KH Maruf Amin menyampaikan hal tersebut seusai berziarah ke makam KH Abdul Wahab Chasbullah, salah satu pendiri NU, di kawasan Tambakberas pada malam 26 Agustus 2026. Ia berharap proses pemilihan kepemimpinan NU nantinya tidak diwarnai praktik politik uang dan selalu mengedepankan hati nurani serta tuntunan para ulama.
Harapan Kejujuran dan Akhlak Ulama dalam Proses Muktamar
Menurut KH Maruf, pemilihan pemimpin NU dalam Muktamar ke-35 harus menjunjung tinggi nilai kejujuran dan akhlak. Ia mengingatkan bahwa organisasi keagamaan sebesar NU tidak pantas jika proses pemilihan dipengaruhi oleh kepentingan pribadi atau praktik yang tidak terpuji.
“Harapannya Muktamar ini berjalan dengan baik, tidak ada apa-apa, menghasilkan pemimpin yang memang diharapkan, dan juga tidak ada proses yang berjalan dengan tidak terpuji, tidak baik,” ujarnya. Ia menekankan pentingnya seluruh peserta memilih pemimpin sesuai hati nurani dan ajaran para ulama.
Penolakan Politik Uang dan Penetapan AHWA
Kiai Maruf juga mengingatkan agar dalam penetapan Ahlul Halli wal Aqdi (AHWA) dan pengurus baru PBNU, tidak ada politik uang yang merusak marwah organisasi. Ia menegaskan bahwa anggota AHWA harus dipilih berdasarkan kriteria yang ketat, yaitu ulama dengan kapasitas keilmuan yang memadai, sikap warak, dan tidak terpengaruh hal-hal negatif.
“Syarat menjadi AHWA, seorang ulama yang memiliki pengetahuan, kapasitas keilmuan yang cukup, warak, dan tidak dipengaruhi hal-hal yang tidak baik,” jelasnya. Proses pemilihan harus mengutamakan sosok yang paling memenuhi kriteria tersebut tanpa adanya pesanan atau kepentingan tertentu.
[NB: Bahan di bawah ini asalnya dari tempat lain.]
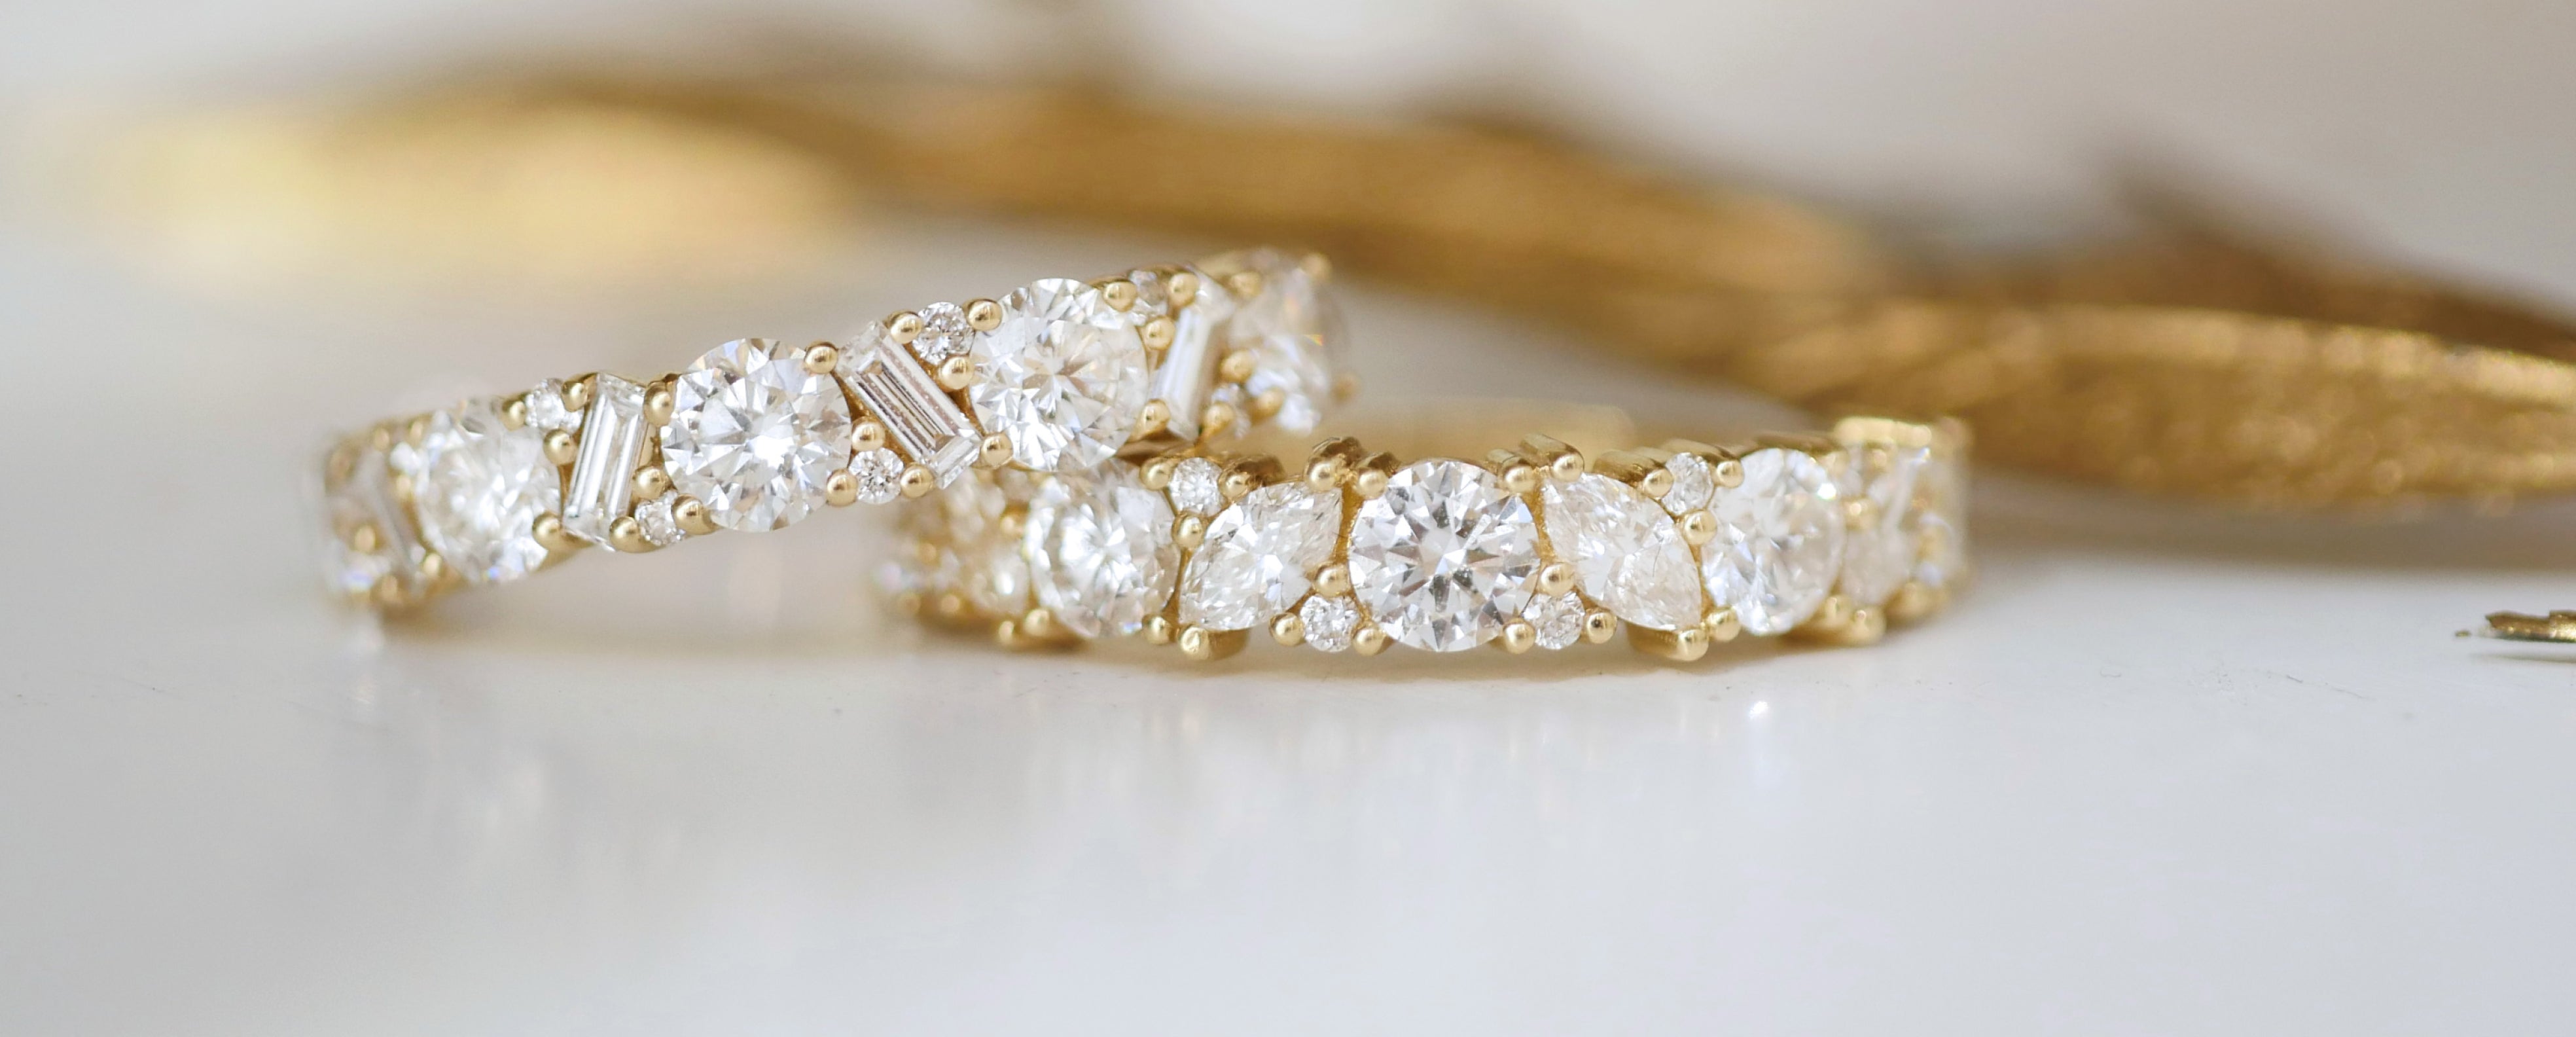 Joseph Nelson Jewelry Wedding Rings

Menjaga Kondusivitas dan Demokrasi Muktamar
Selain itu, KH Maruf Amin meminta agar seluruh panitia pelaksana menjaga kondisi muktamar tetap kondusif hingga akhir acara. Ia menegaskan pentingnya pelaksanaan yang demokratis dan transparan sehingga hasil muktamar dapat diterima oleh seluruh jamaah Nahdliyin.
Momentum ini menjadi penentu arah organisasi NU ke depan, dan karenanya seluruh pihak diharapkan menjaga integritas agar NU tetap kuat dan independen dalam menjalankan perannya sebagai organisasi keagamaan.
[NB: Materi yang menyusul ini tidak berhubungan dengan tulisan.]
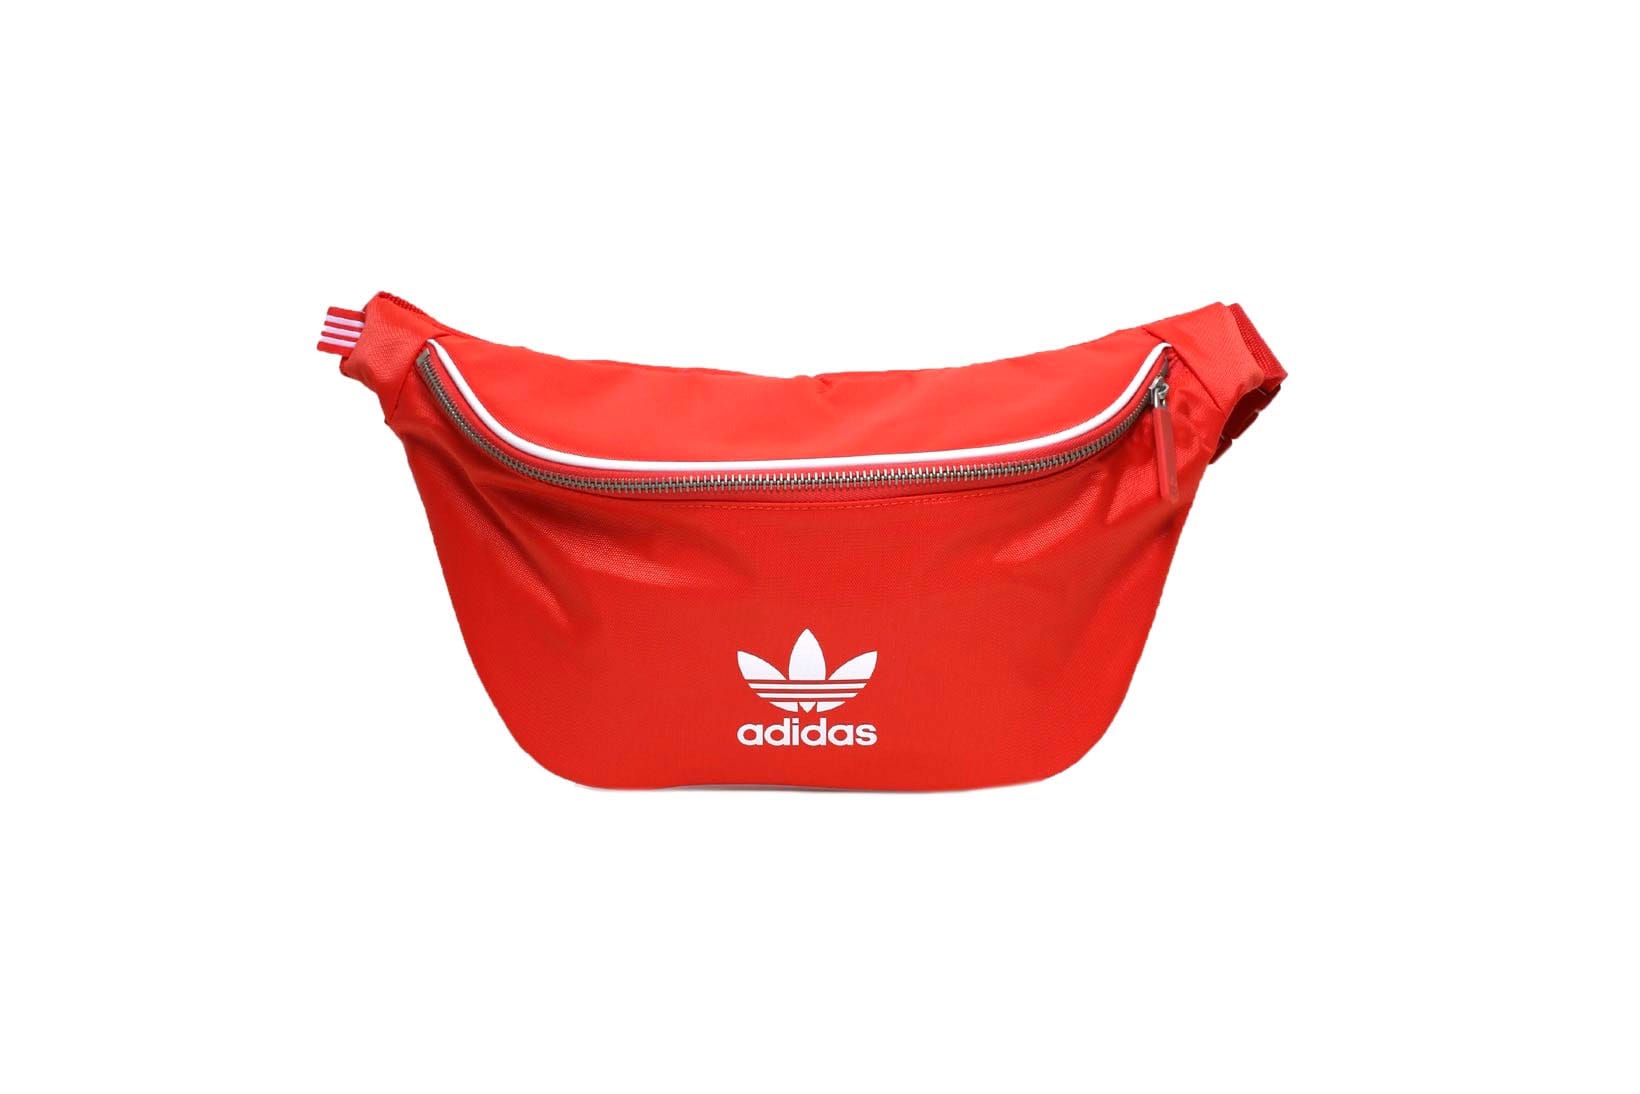 adidas red waist bag

Konteks dan Signifikansi Muktamar ke-35 NU
Muktamar merupakan forum tertinggi NU yang diadakan rutin untuk menentukan kepemimpinan serta kebijakan organisasi. Tahun 2026 ini, pelaksanaan di Tambakberas, Jombang, menjadi sangat penting karena menghadirkan berbagai tantangan dan dinamika kepemimpinan internal.
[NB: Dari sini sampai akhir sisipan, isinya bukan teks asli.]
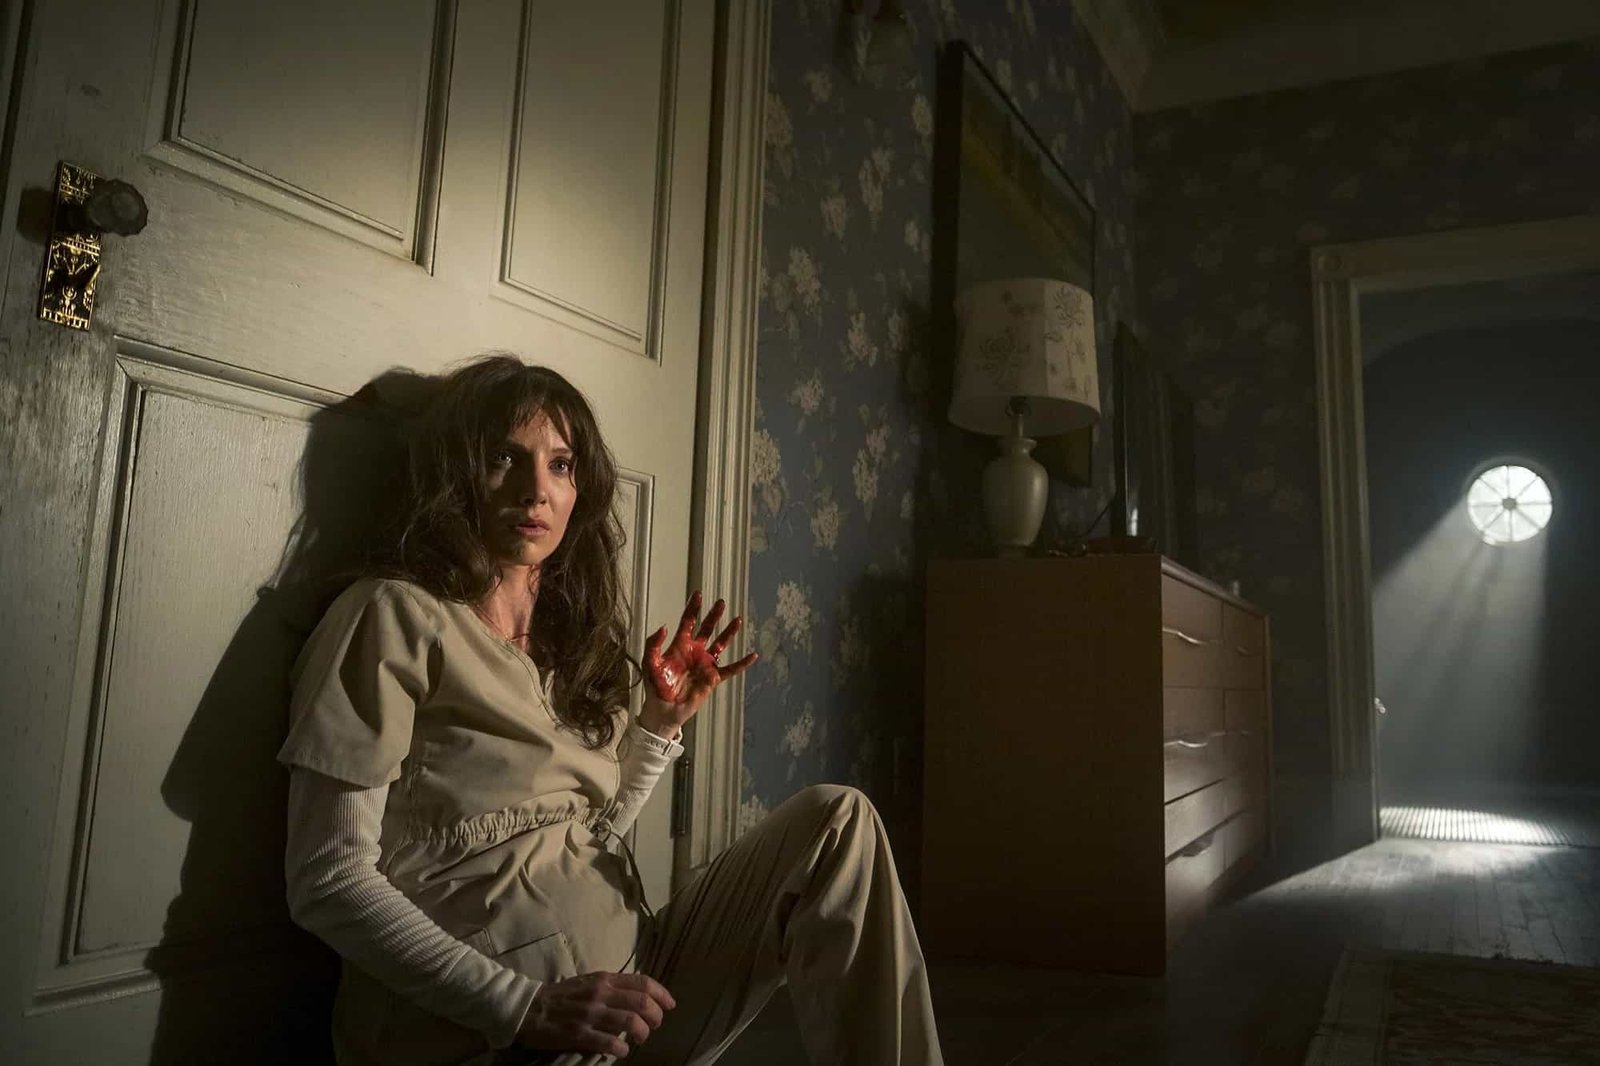 Horror Film 'Malignant' Gets Blu-Ray Release

Kehadiran tokoh-tokoh seperti Kiai Maruf Amin yang juga mantan Rais Aam PBNU periode 2015-2018, menambah bobot pentingnya muktamar ini. Ziarah ke makam pendiri NU sebelum pembukaan muktamar juga menjadi simbol penghormatan terhadap nilai-nilai luhur yang harus dijaga dalam setiap proses organisasi.